To do: Write out each line of the material exactly as given, and drop the images.

Provided material:
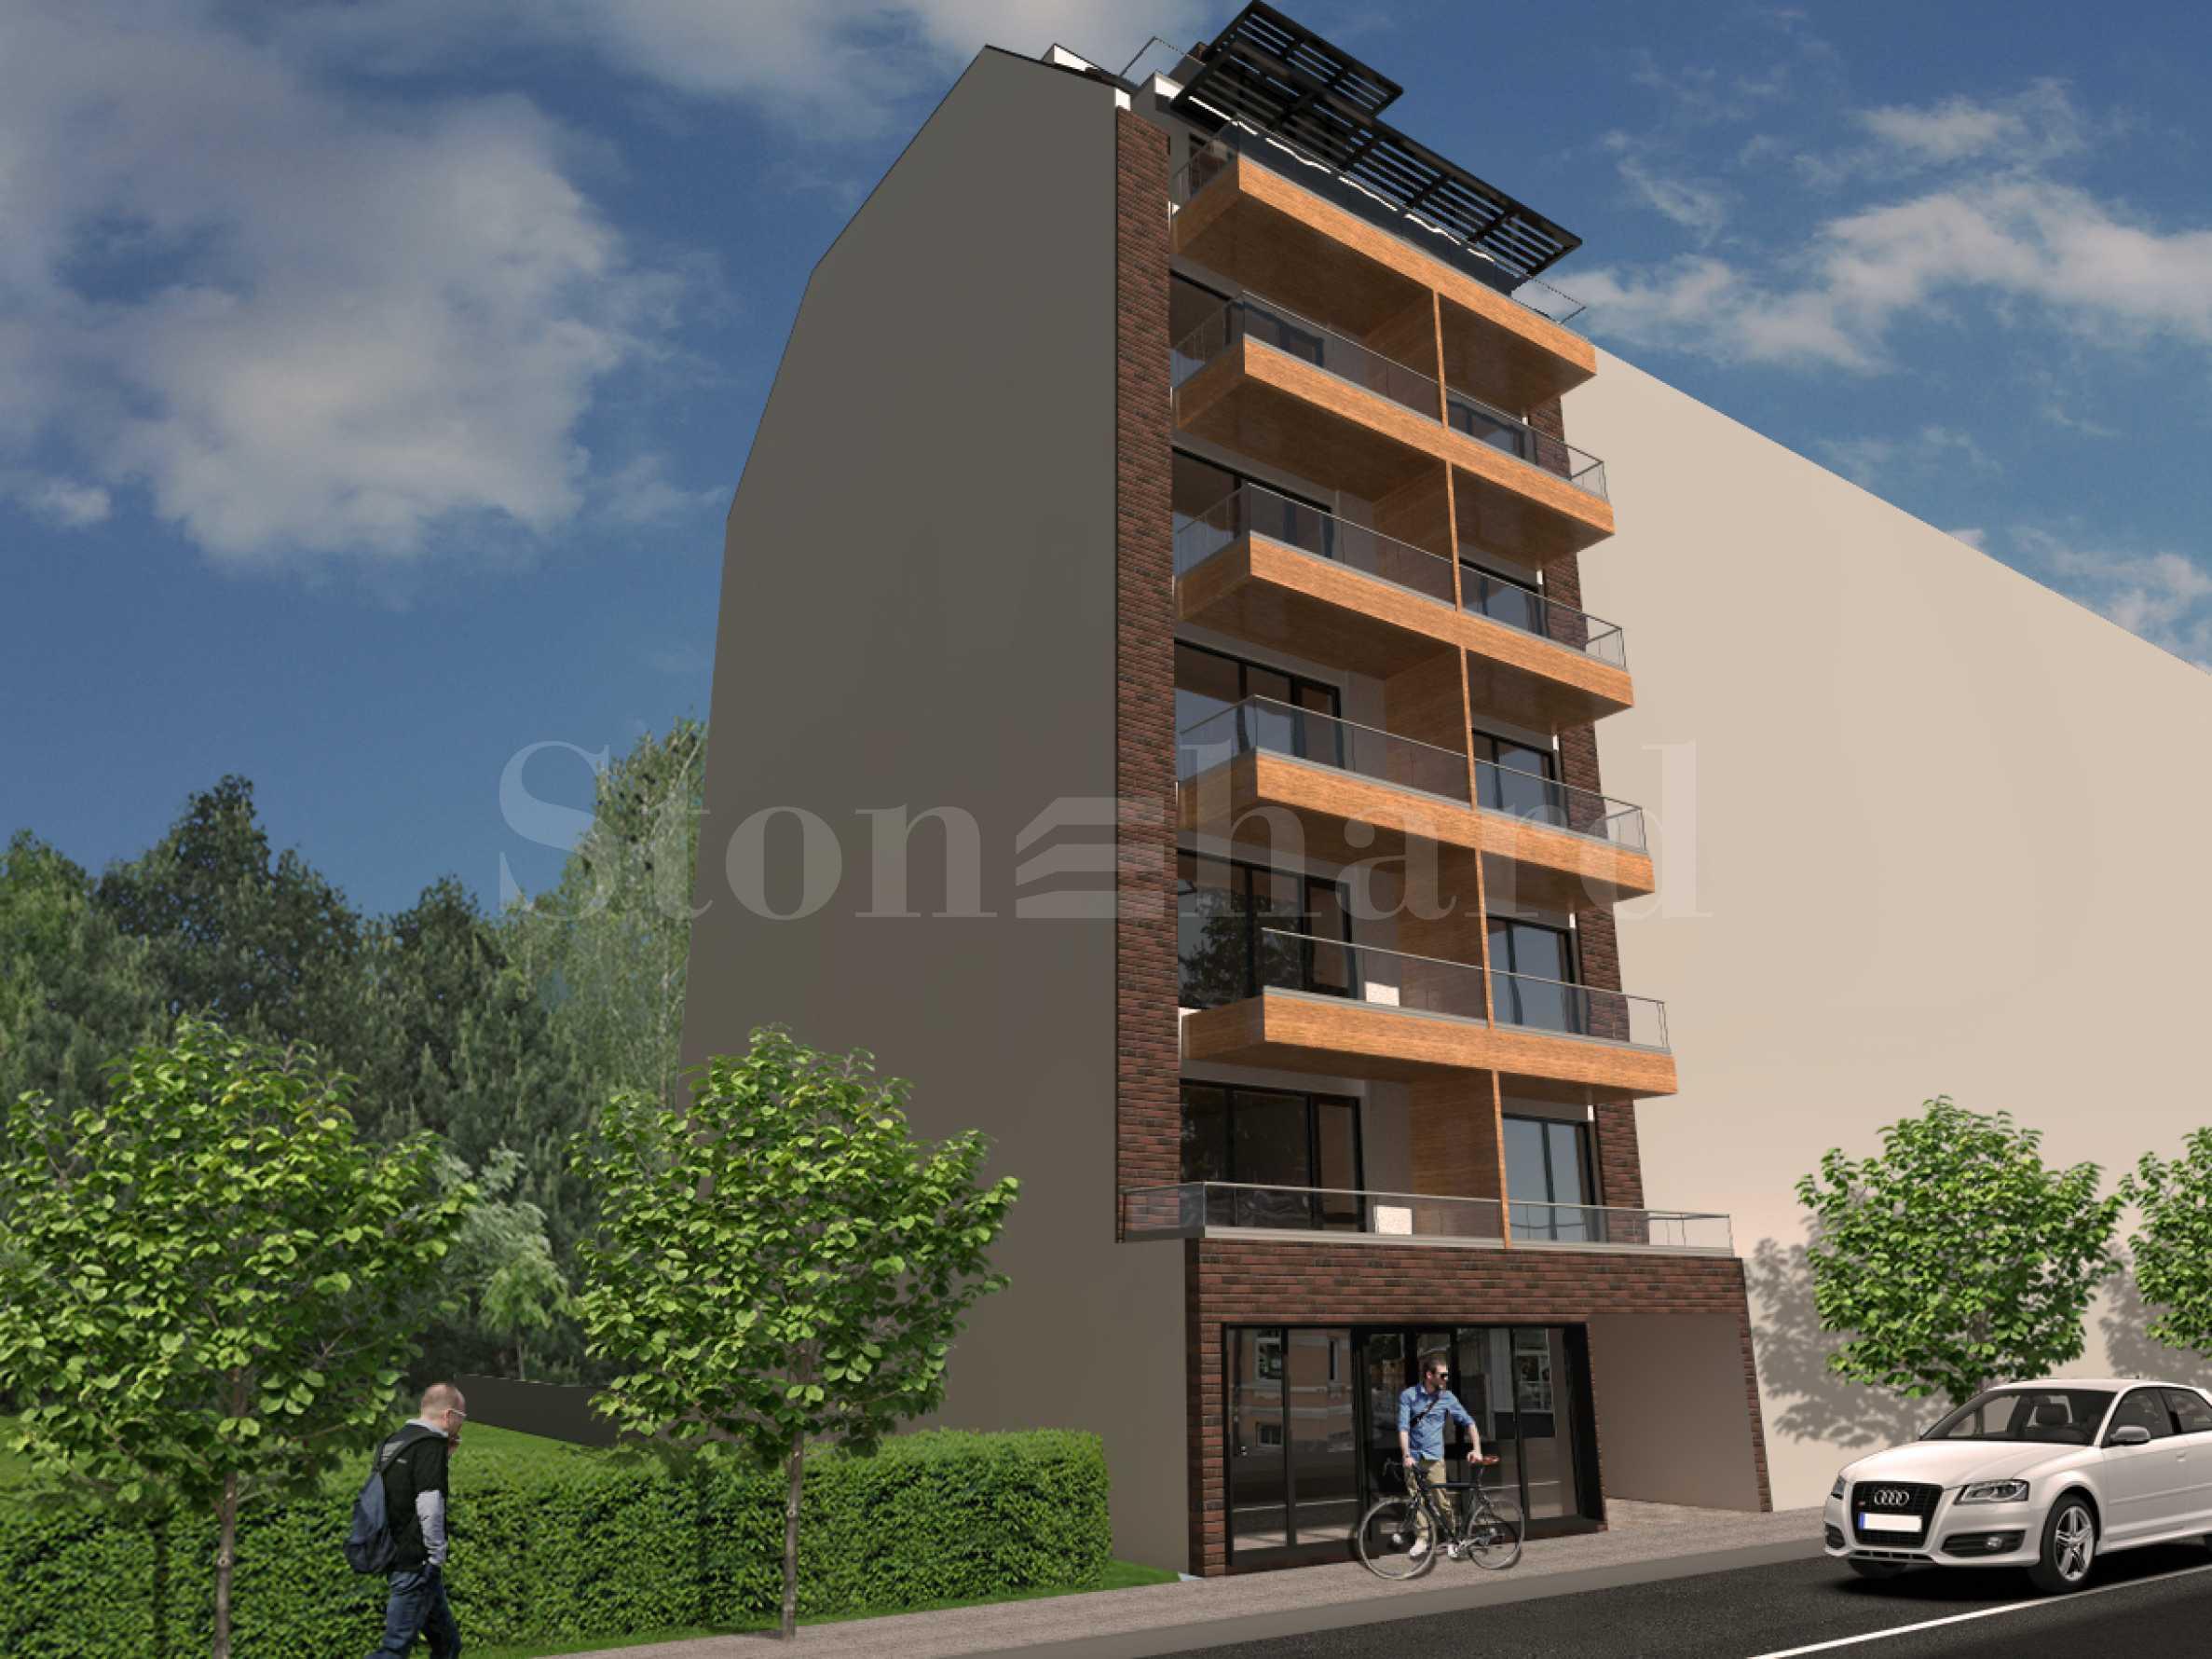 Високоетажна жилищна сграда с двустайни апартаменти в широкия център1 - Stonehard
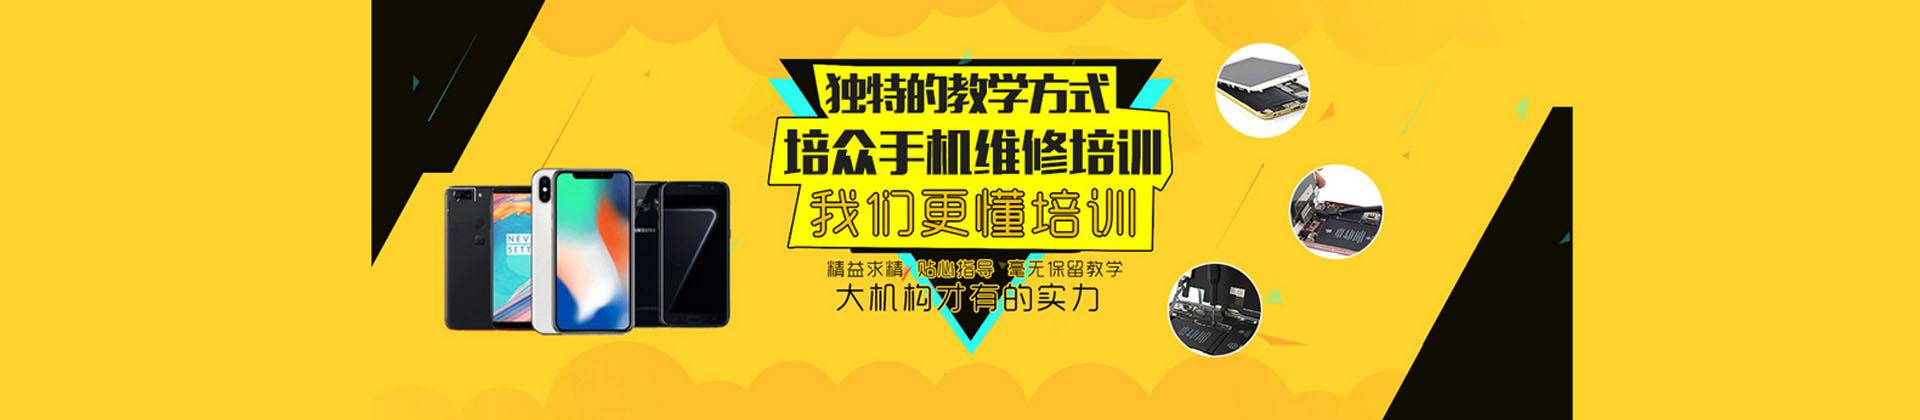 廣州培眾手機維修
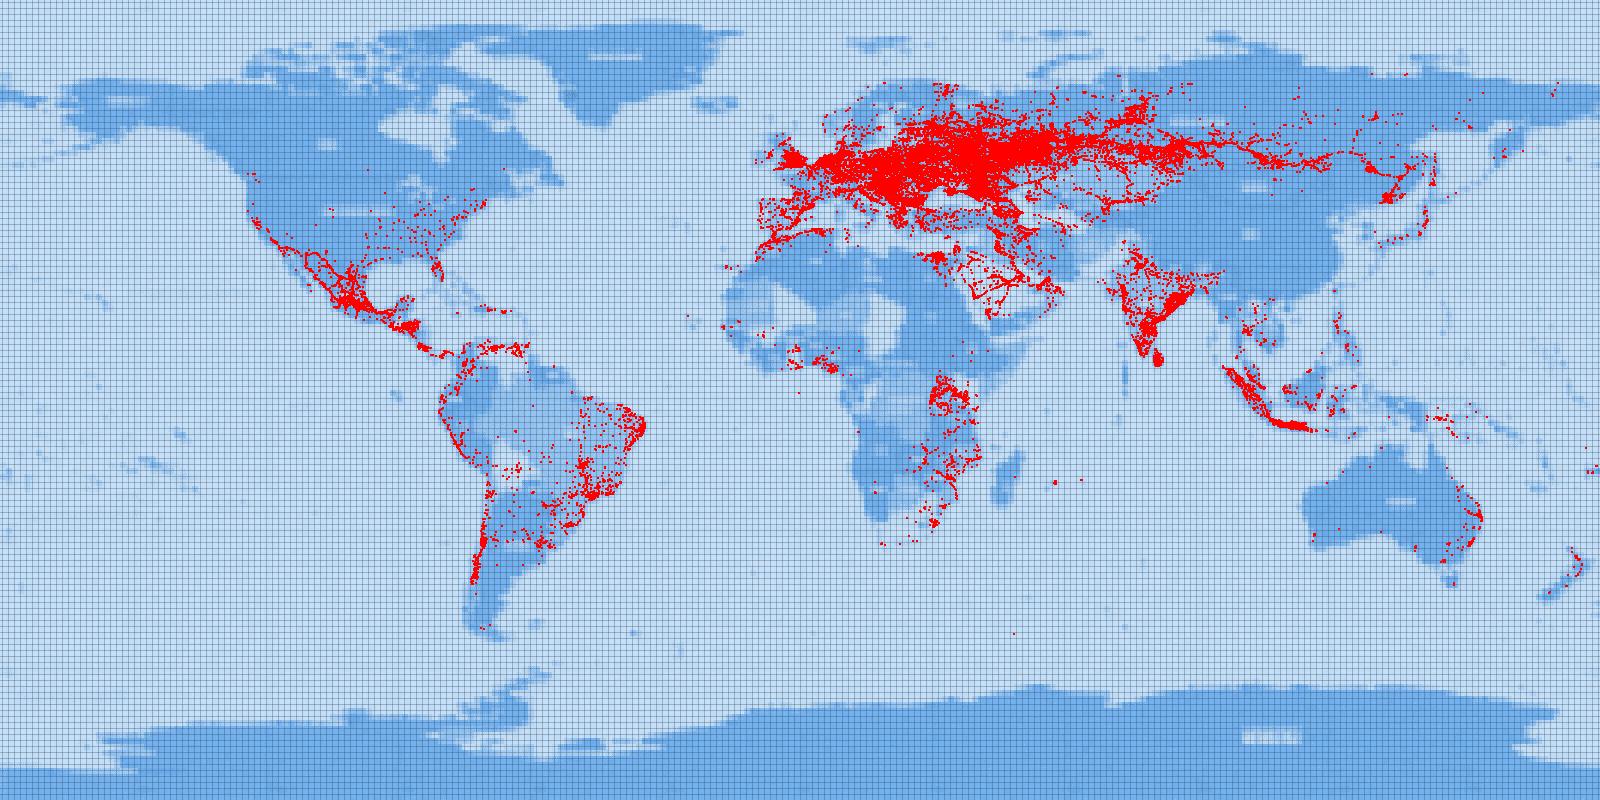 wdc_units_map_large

Result of this task:
 Високоетажна жилищна сграда с двустайни апартаменти в широкия център1 - Stonehard
 廣州培眾手機維修
 wdc_units_map_large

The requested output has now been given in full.